Treatment of Wegener's Granulomatosis
The treatment for Wegener granulomatosis needs to be continued for a span of 18-24 months. Treatment part includes treatment for side effects, medication and other form of treatment.
- Medications: The medicines prescribed by the doctor to treat Wegener's Granulomatosis are as follows.
- Corticosteroids: These medicines like prednisone suppress the immune system to treat the early symptoms.
- Immune Suppressant Medications: Drugs like Cytoxan, Azasan Imuran and Rheumatrex Trexall are used as immunosuppressive drugs to offset the immune system.

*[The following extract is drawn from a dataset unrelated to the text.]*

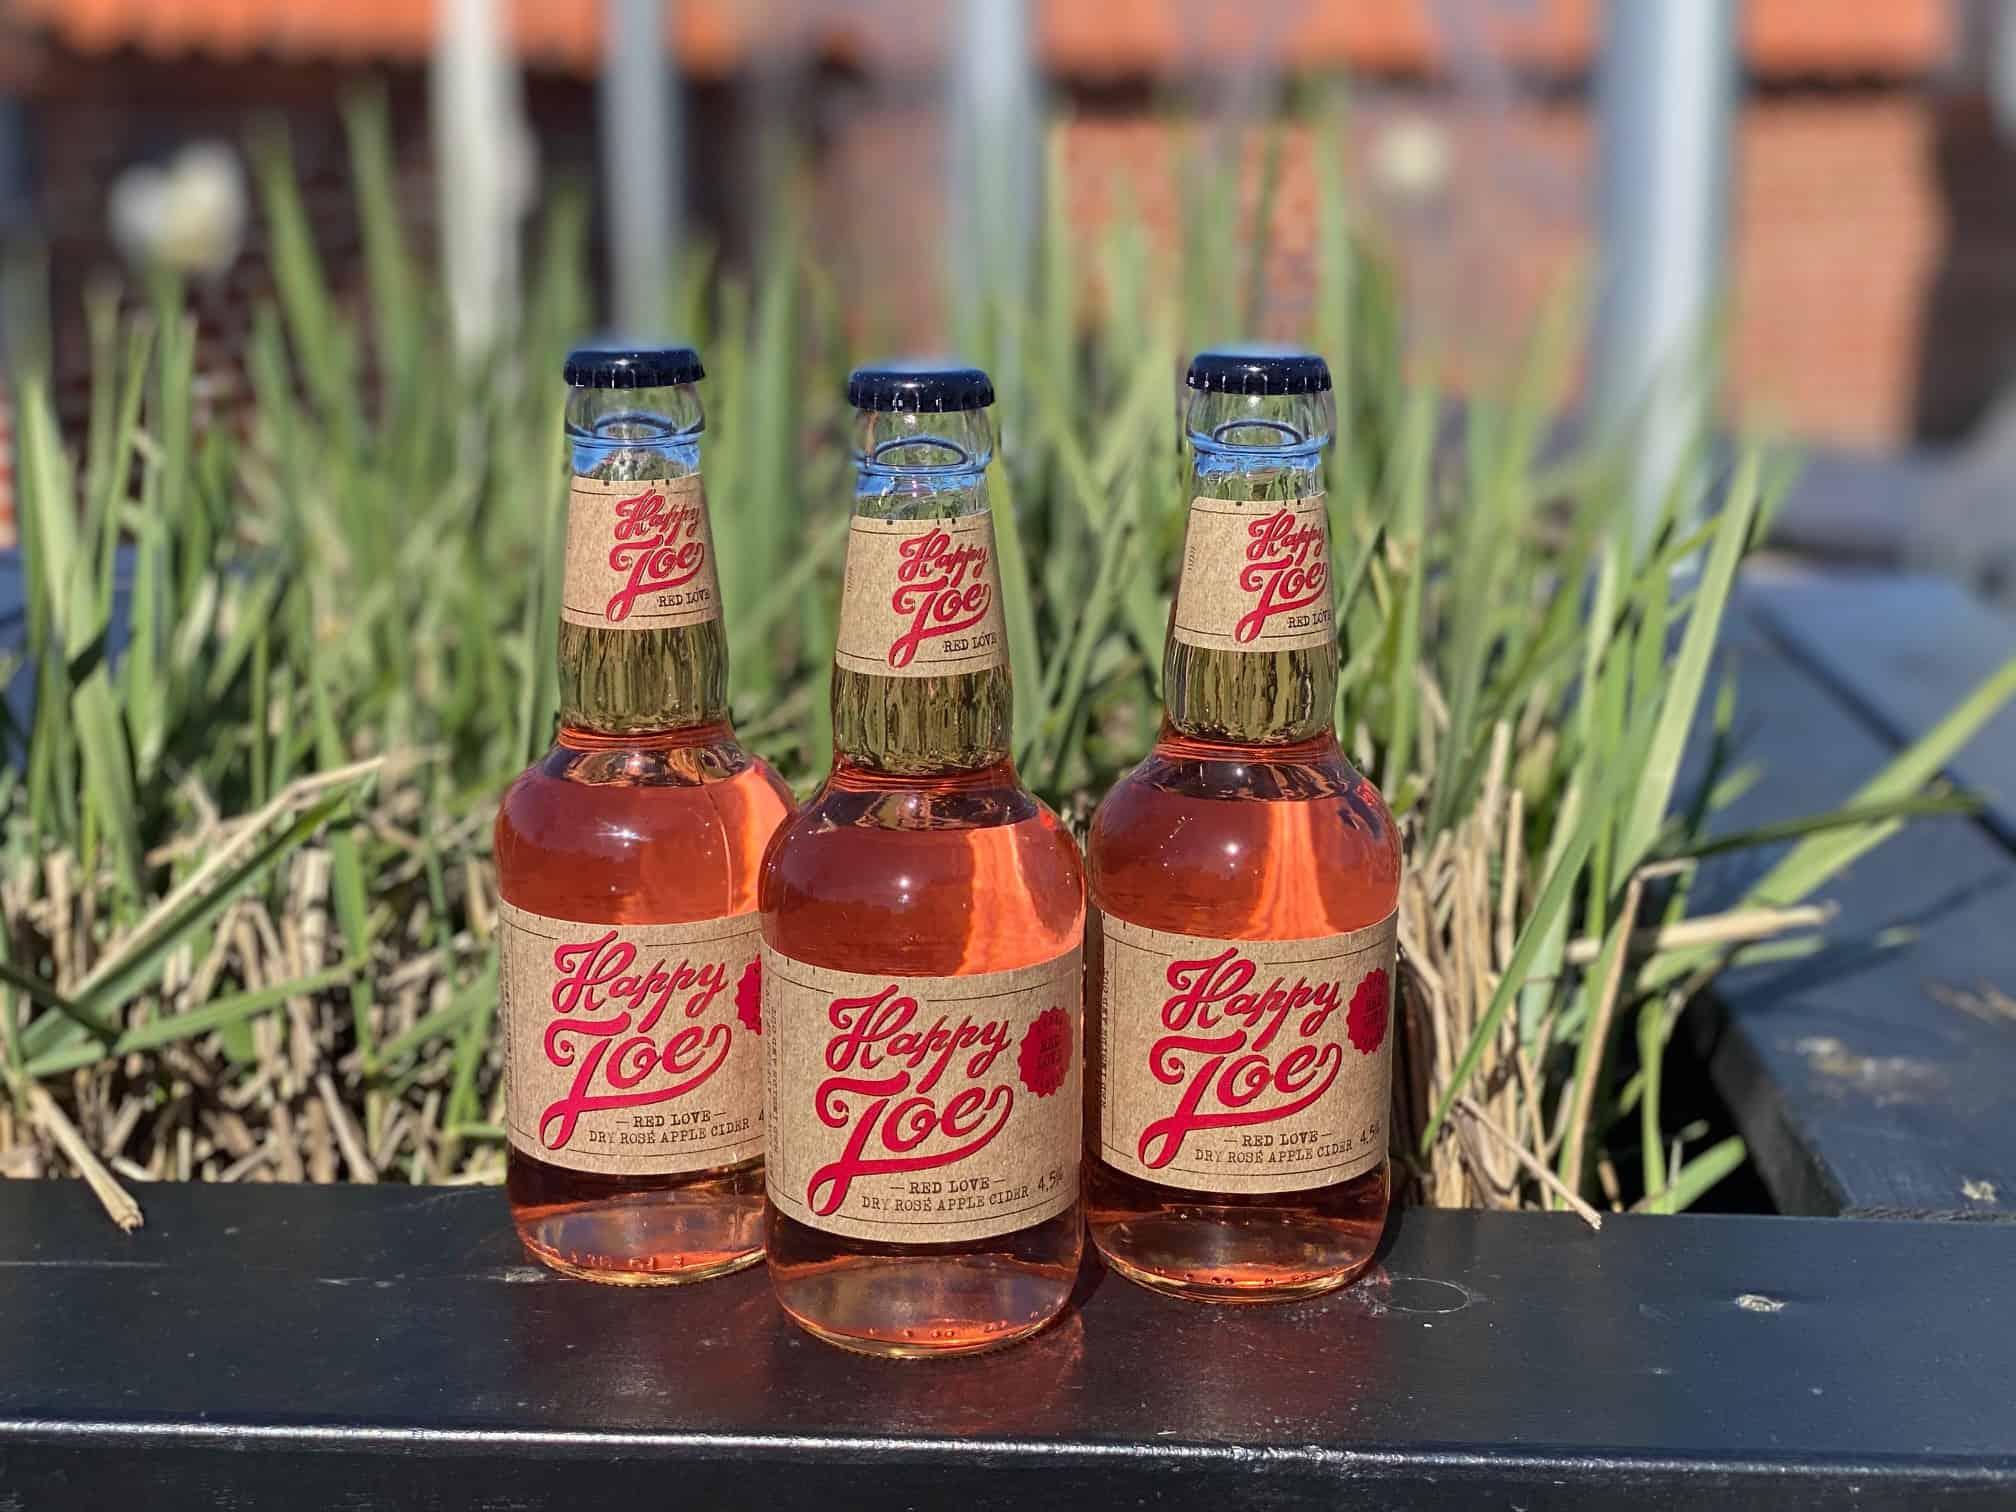 Happy Joe Rose' Apple Cider

- Biologic Therapy: Rituxan is used to reduce the B cells in the body which is involved in causing inflammation. Rituximab is used in treating severe cases.
- Treatments for Side Effects: The medications given to treat Wegener's Granulomatosis lower down the body's ability to fight the infections. Thus, the drugs prescribed to help prevent the drug related side effects are:
- Sulfamethoxazole Trimethoprim: It helps to prevent the lung infection.
- Folic acid: It is a synthetic form of Vitamin B Folate. This helps to prevent sores.
- Fosamax: This medicine is made of biphosphonates and helps prevent bone loss.
- Other Treatments: The other treatments used for Wegenr's Granulomatosis are as listed under.
- Plasmapheresis: This treatment is also known as plasma exchange as it removes the liquid part of plasma and separates it from blood cells. This can help to recover the kidneys.
- Surgery: Kidney transplant through surgery can restore the normal function of the kidney.
Coping with Wegener's Granulomatosis
The patient needs to equip himself well with the knowledge regarding this disease. The more you know, the better it is to accept and to deal with Wegener's Granulomatosis. A strong support from family and friends can help lighten the burden and take stress away. Joining a support group also helps in coping with the condition and helps in boosting the confidence. Moreover, eating a balanced diet and taking care of your health is the only way to deal with this disease.